Let's look at another example of aggregation - grouping user names by age:

``````const users = [
{ name: 'Peter', age: 4 },
{ name: 'John', age: 19 },
{ name: 'Antony', age: 4 },
{ name: 'Alex', age: 16 },
];

const usersByAge = {};
for (const { age, name } of users) {
// Check if the age property has already been added to the resulting object or not
if (!Object.hasOwn(usersByAge, age)) {
usersByAge[age] = [];
}
usersByAge[age].push(name);
}

console.log(usersByAge);
// => { 4: [ 'Peter', 'Antony' ], 16: [ 'Alex' ], 19: [ 'John' ] }
``````

In this example, the result of the aggregation is an object that has arrays written in its properties. This result is initially initiated by an empty object, and then gradually, at each iteration, is "filled" with the desired data. The value that accumulates the result of aggregation is commonly referred to as the word "accumulator". In the examples above, these are `sum` and `usersByAge`.

Let's implement the first example using `reduce()`:

``````const users = [
{ name: 'John', amount: 19 },
{ name: 'Richard', amount: 1 },
{ name: 'Antony', amount: 4 },
{ name: 'Alex', amount: 16 },
];

const sum = users.reduce((acc, user) => {
const newAcc = acc + user.amount;
return newAcc;
}, 0);
// const sum = users.reduce((acc, user) => acc + user.amount, 0);

// Let's describe
// user: John, acc = 0, return value 0 + 19
// user: Richard, acc = 19, return value 19 + 1
// user: Antony, acc = 20, return value 20 + 4
// user: Alex, acc = 24, return value 24 + 16
console.log(sum); // => 40
``````

The `reduce()` method takes two parameters as input, the handler function and the initial accumulator value. The same accumulator returns to the outside as the result of the entire operation.

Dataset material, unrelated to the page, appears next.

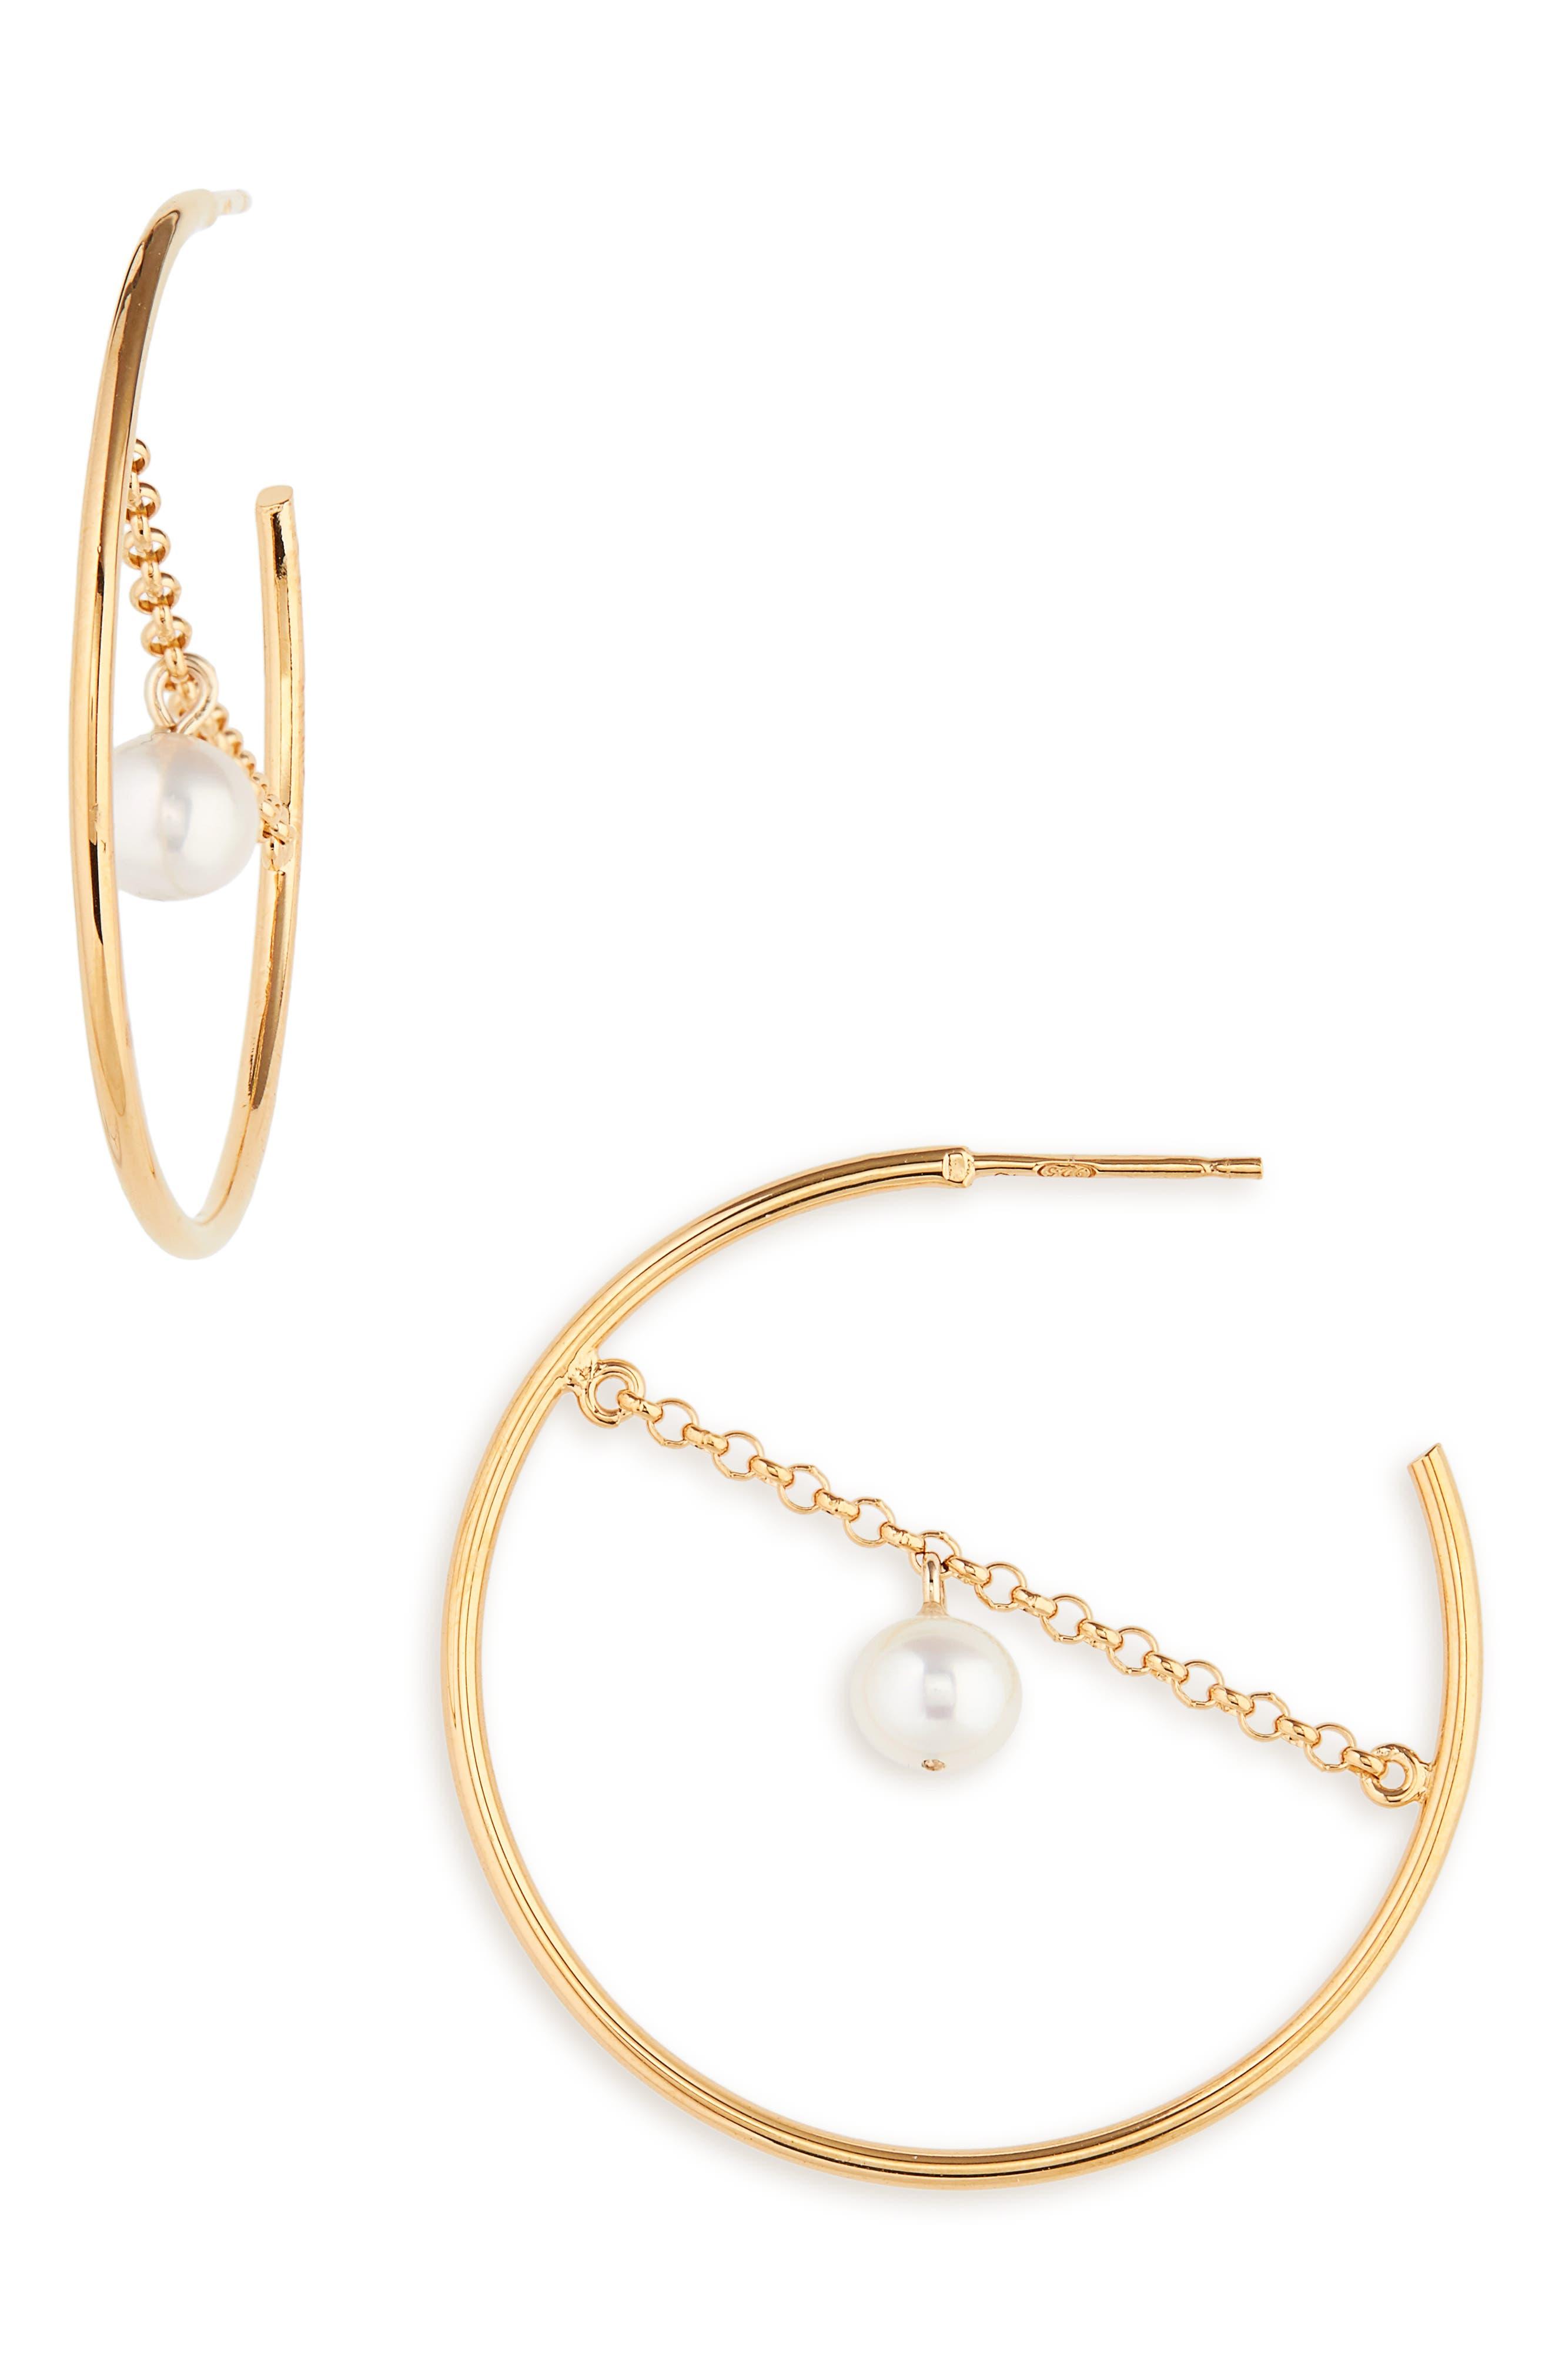 Selene Freshwater Pearl Hoop Earrings,                         Main,                         color, GOLD PLATED STERLING SILVER

The function passed to `reduce()` is the most important part and the key to understanding how the whole aggregation mechanism works. It takes two values as input. The first is the current accumulator value, the second is the current item being processed. The task of the function is to return the new accumulator value. `reduce()` does not analyze the contents of the accumulator in any way. All it does is pass it to each new call until the entire collection has been processed, and eventually return it to the outside. I emphasize that you should always return the accumulator, even if it has not changed.

The second example using `reduce()` looks like this:

``````// let's prepare the handler function
const cb = (acc, user) => {
if (!Object.hasOwn(acc, user.age)) {
acc[user.age] = [];
}
acc[user.age].push(user.name);
return acc; // be sure to return it!
};

// Initial value is an empty object
const usersByAge = users.reduce(cb, {});
``````

The code is pretty much the same, except the loop is gone and there is an accumulator return from the anonymous function.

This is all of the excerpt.